Pecan-rich diet significantly improved insulin sensitivity in adults who are overweight or obese.

A new study published in Nutrients shows that eating just 1.5 ounces of pecans – one small handful – every day may protect adults at risk for developing cardiovascular disease (CVD) and type 2 diabetes (T2D). Conducted by researchers at the Jean Mayer USDA Human Nutrition Research Center on Aging at Tufts University, this study found that incorporating pecans into a typical American diet significantly improved insulin sensitivity and had a significant effect on markers of cardiometabolic disease in otherwise healthy overweight and obese adults with excess belly fat.

While a growing body of evidence has linked tree nuts such as pecans to reduced risk of CVD, this is the first study to look at the effects of pecan consumption on factors other than blood lipid levels and specifically those related to T2D. Obesity is a risk factor for T2D, and both obesity and T2D increase CVD risk.

"Pecans are naturally high in monounsaturated and polyunsaturated fats, so replacing a portion of the saturated fat in the diet with these healthier fats can explain some of the cardio-protective effects we observed," said lead researcher, Diane McKay, Ph.D. "But pecans also contain a number of bioactive plant compounds as well as vitamins and essential minerals that all likely contributed to this benefit. What's really interesting is that just one small change - eating a handful of pecans daily - may have a large impact on the health of these at-risk adults."

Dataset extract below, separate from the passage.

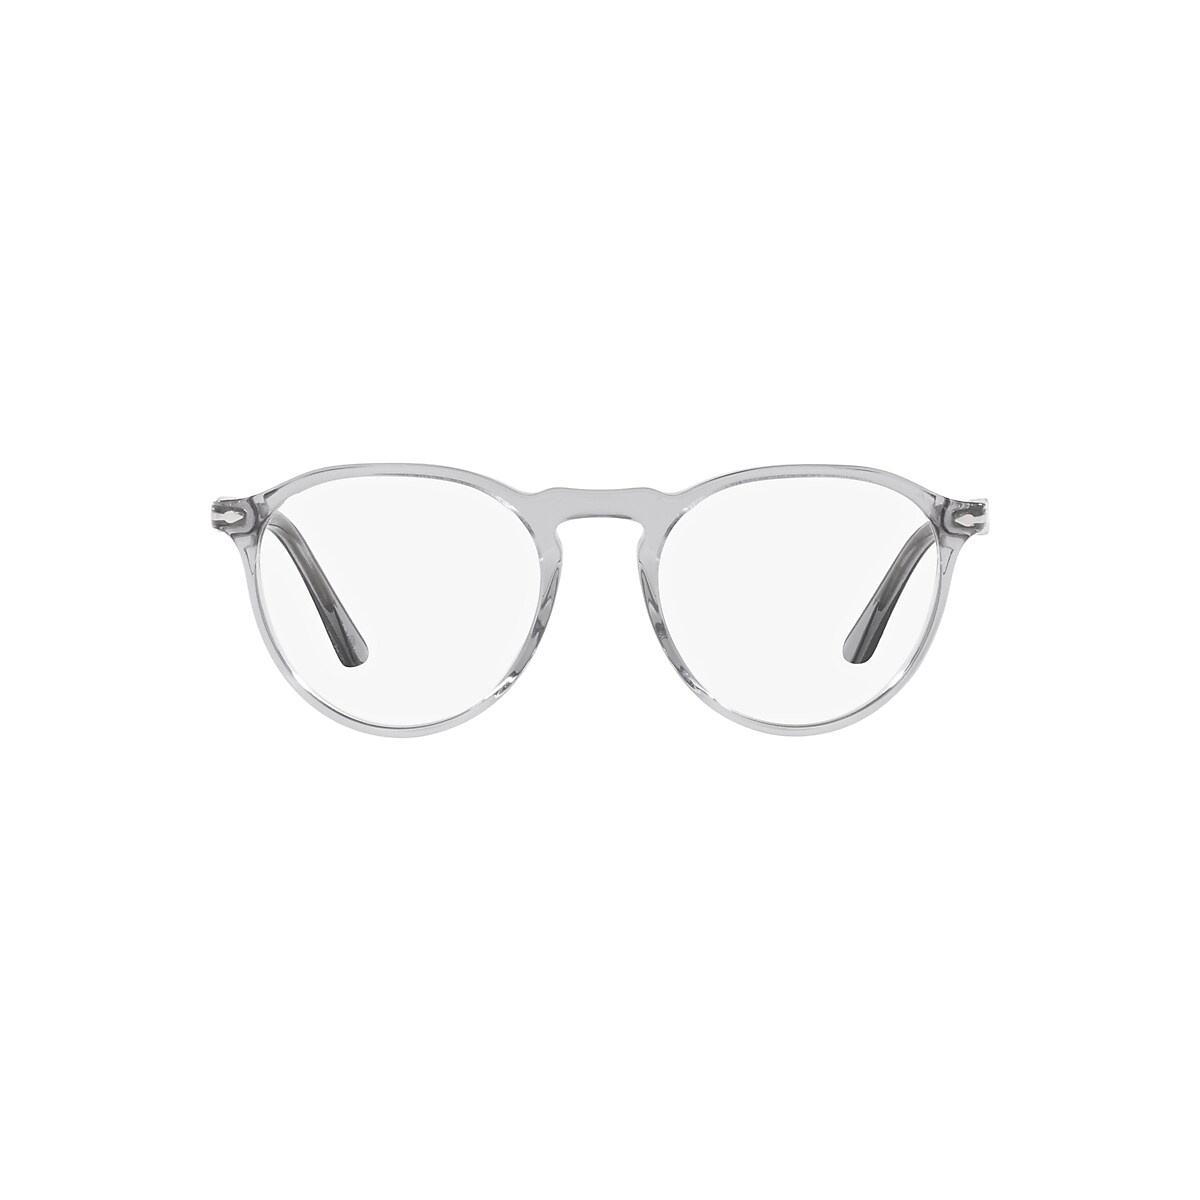 Fancy glasses – Aquazotic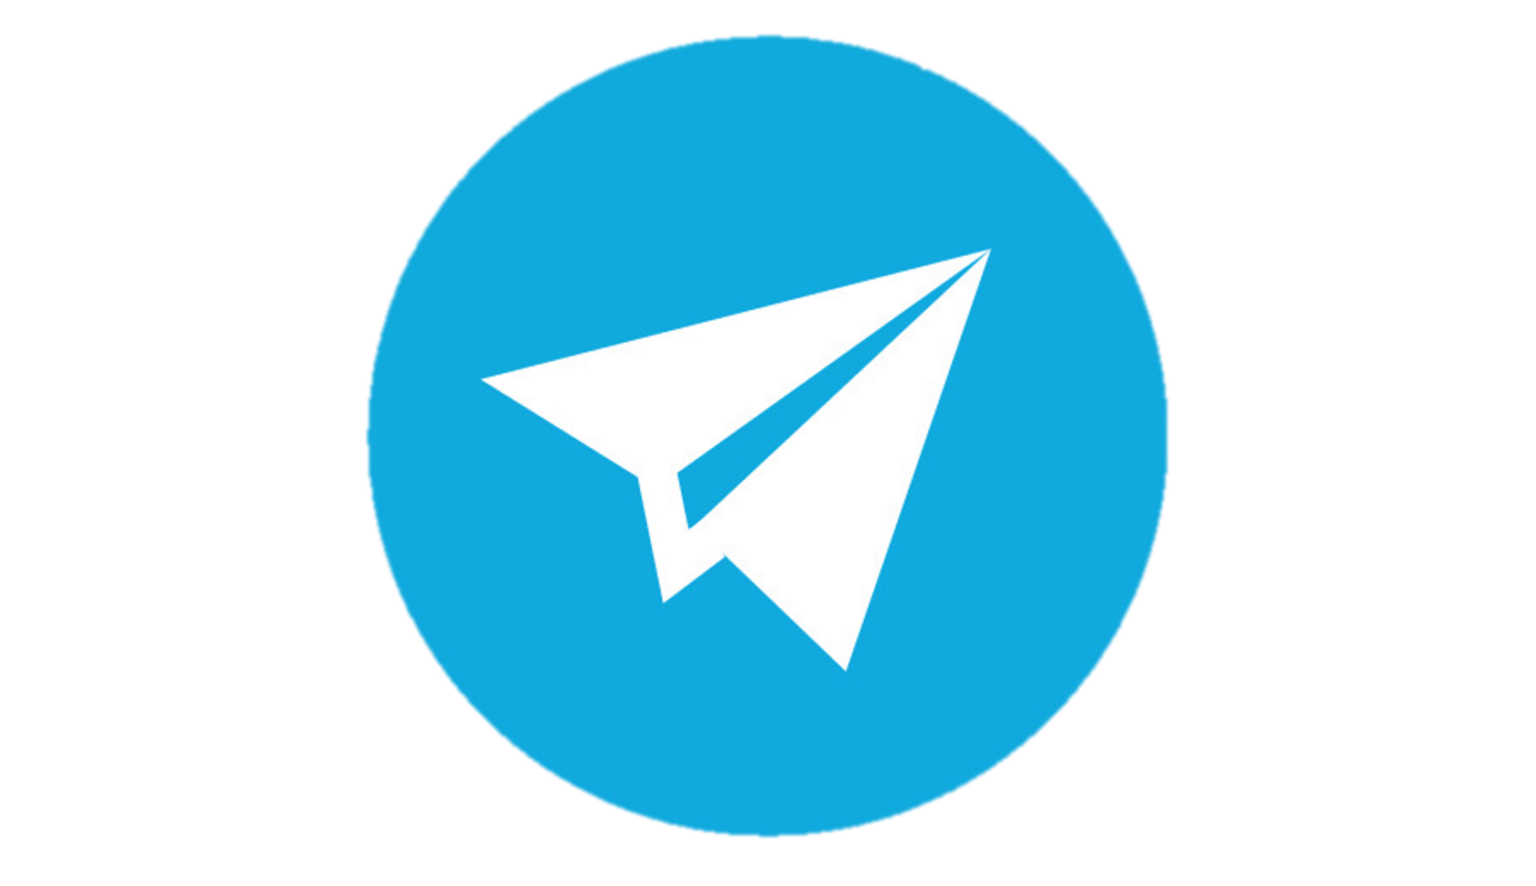 Telegram-1536x886.png

In this placebo-controlled crossover study of 26 men and women (average age 59 years), all meals were provided to carefully control their food intake. For four weeks at a time, subjects ate either a control diet with no nuts or the same diet with pecans substituted for 15% of the total calories. Both the control diet and the pecan-rich diet were low in fruits, vegetables and fibre. Calorie levels, as well as protein, carbohydrate, and total fat, were kept the same.

The study entitled "A Pecan-Rich Diet Improves Cardiometabolic Risk Factors in Overweight and Obese Adults: A Randomized Controlled Trial" is available online and will be presented at the American Society for Nutrition Annual Conference, Nutrition 2018 held in Boston this June. The study was funded by the National Pecan Shellers Association.